Knowing he couldn’t account for any of his curiosities, he scanned further, searching through the carnage for the man of the hour. He knew he couldn’t be safe until he located that sick man’s body. Finally, Perry spied Sebastian’s bullet-riddled cadaver and let a conclusive wave of relief wash over him—he was alone now, thank God.
As Perry gawked down at the now crumpled steel flask in hand, his internal reflection was quite profound. While the evening of traumatic terror had undoubtedly scarred and in a sense validated his life-long reclusive mindset, there were still some things he’d learned. Demons that he’d exorcised which had been haunting him for the duration of his existence. For that, he felt a very strange sense of gratitude.
The situation had made him feel like he was trapped inside of a pressure cooker, but when shit hit the fan, he delivered.

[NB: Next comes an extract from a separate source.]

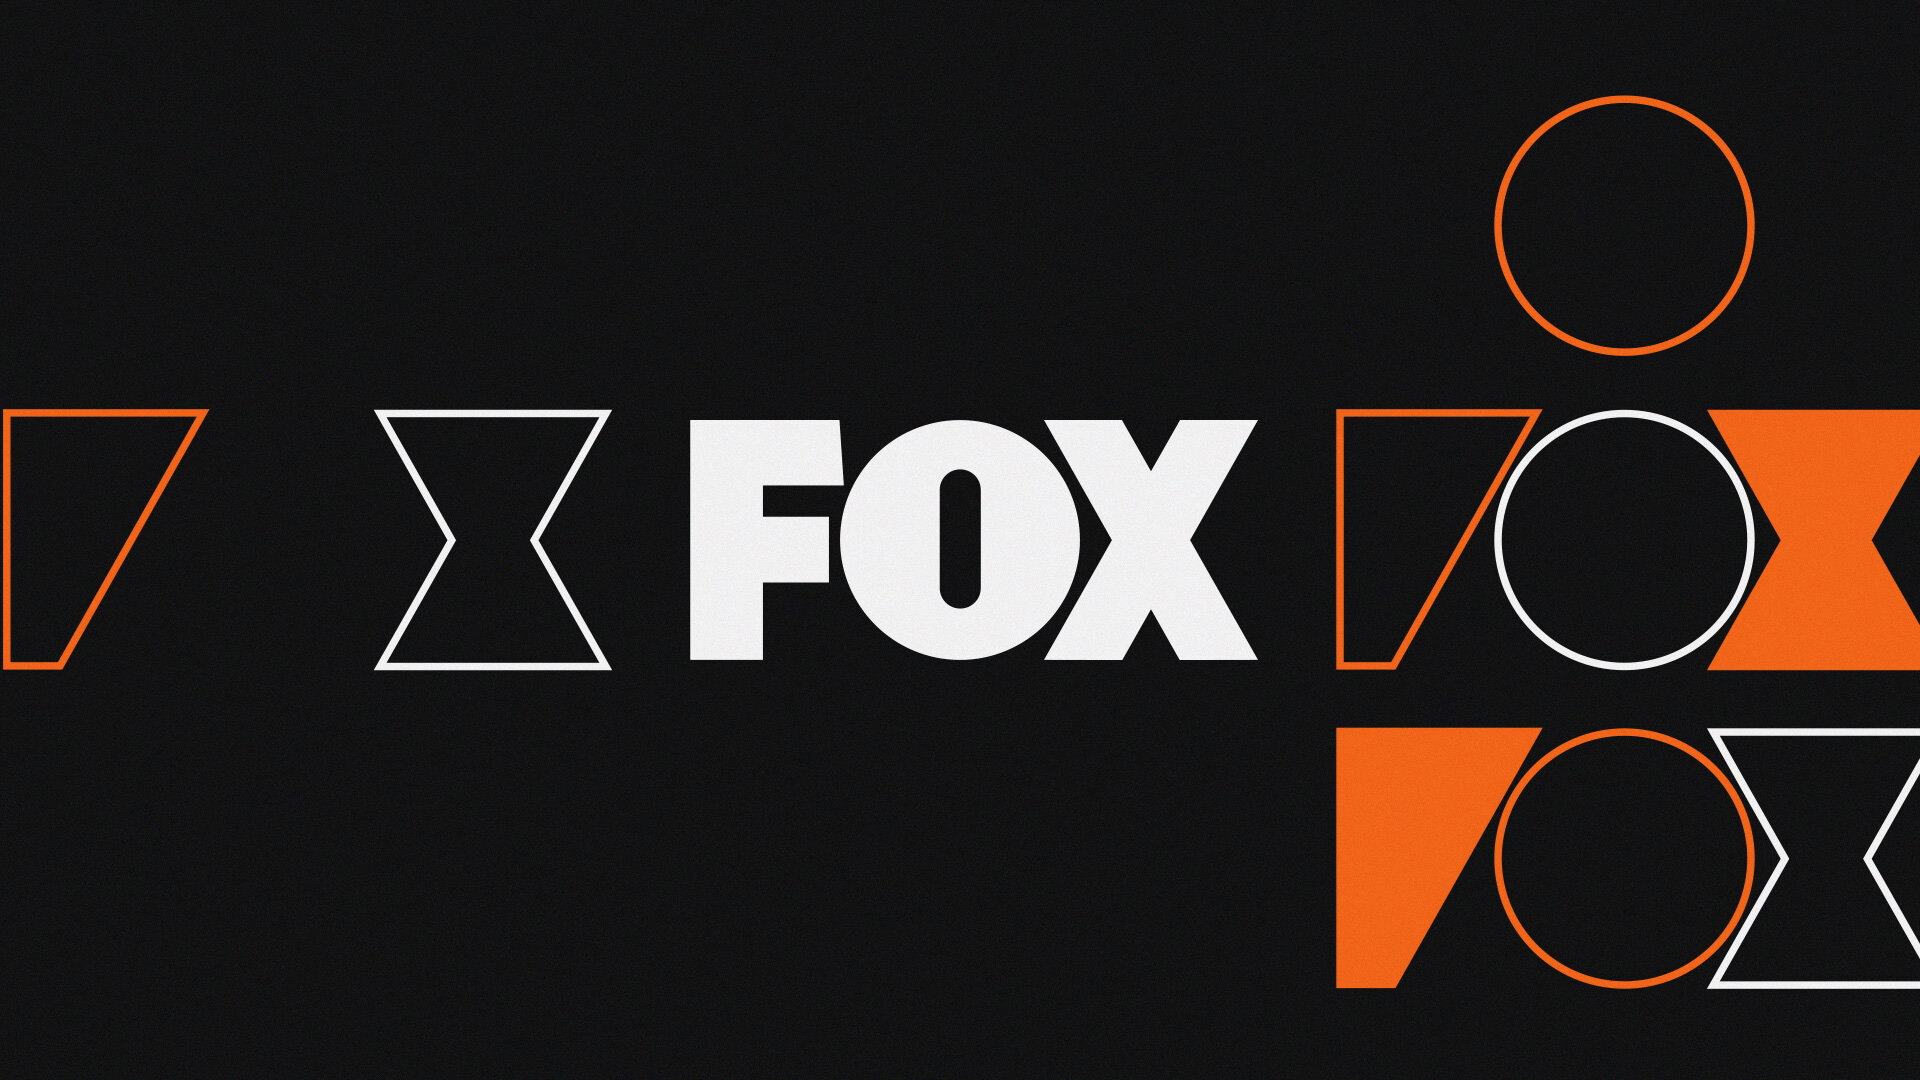 FOX_On-Air_Design_04_Adam-Wentworth_Graphic-Design.jpg
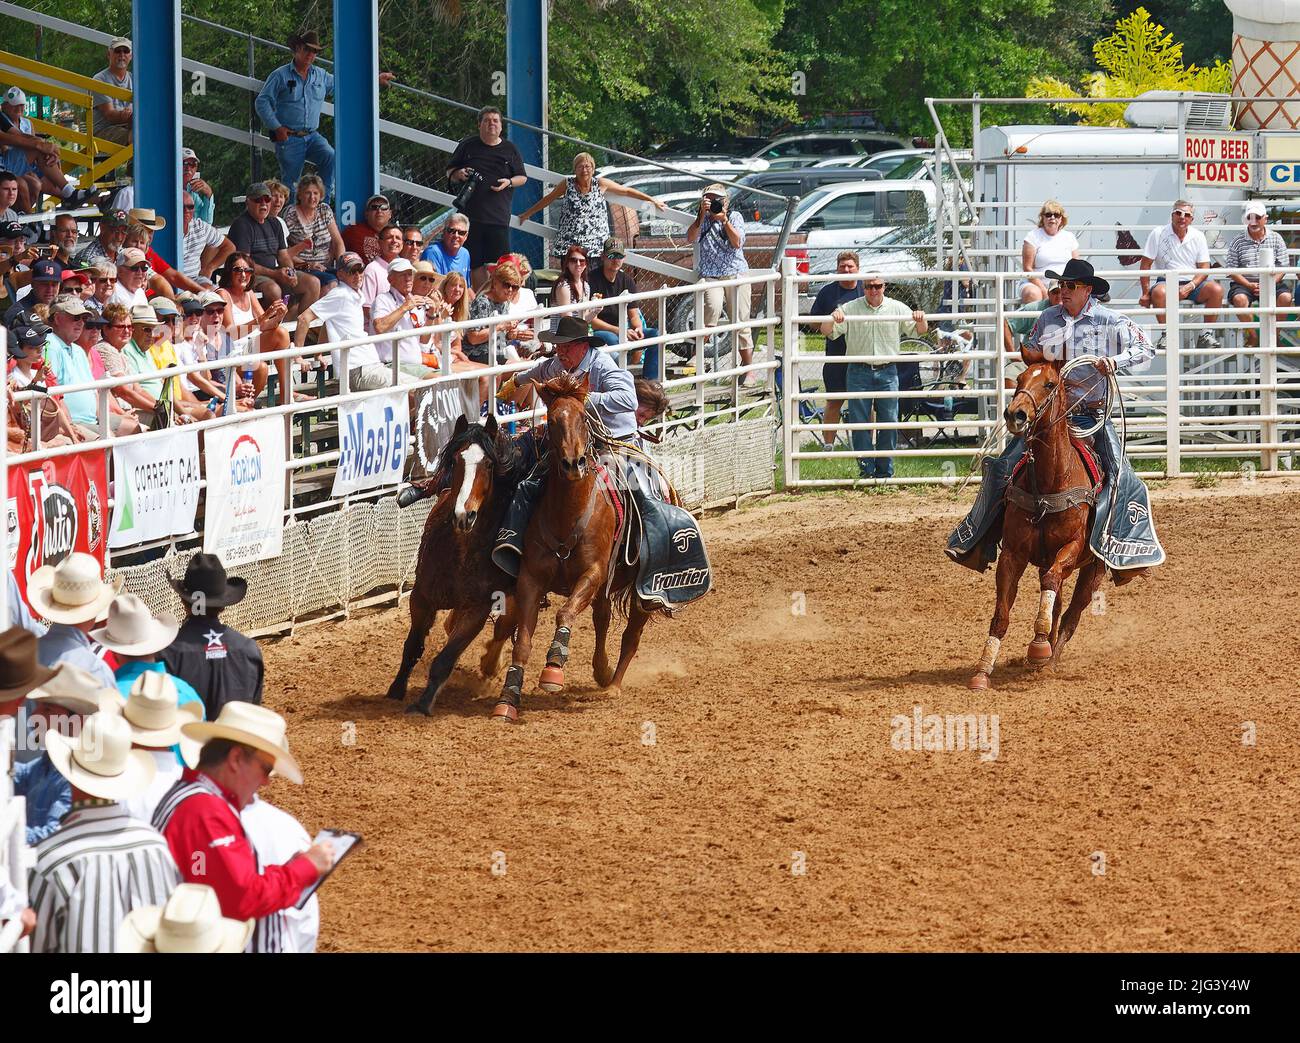 rodeo, homme corraing cheval, travail, stands, spectateurs, concours, compétition, animal, personnes, foule, Floride ; Arcadia ; FL Banque D'Images

While everyone who had witnessed his gusto and performance would be too dead to tell the tale, that didn’t matter. Getting credit was never something that mattered to him. Just knowing that he’d done it himself was all he needed for his peace of mind.
Sure, the whiskey had saved his life. If he hadn’t been an alcoholic, he might never have survived the ordeal. But if he hadn’t been a drunk, he most likely wouldn’t have been buffing floors for a living either. He most likely would never have made his way into the brutality that transpired on the 13th floor of the Biltmore. Was it all part of a greater plan? There was no way to know for sure, but in his mind, it was a sign. He’d been given another chance.
Perry tossed the tin container that had got him through so many dark times onto the floor beside him. Suddenly, he knew with a profound certainty which had never come close to dawning on him before, that things were going to change. In his heart, he knew that the ringing hangover that pulsated a pounding pain in his tired brain would be the last one he ever experienced.
He decided in that moment that he was done feeling sorry for himself. Surviving the ordeal had instilled him with a loud and unignorable sense of appreciation. Maybe being married wasn’t all it was cracked up to be. Maybe he had it all wrong and the envy he’d initially felt for the deceased duo was misplaced. It just took him a wedding day massacre to realize exactly how lucky he’d been all along.
Perry took one last look around at the hundreds of dead bodies, bits and pieces, and overall barbarity of the ballroom before shifting his focus to the exit door. It had been left unshackled and was calling to him.
“I ain’t cleaning this mess up,” Perry muttered, pulling himself to his feet.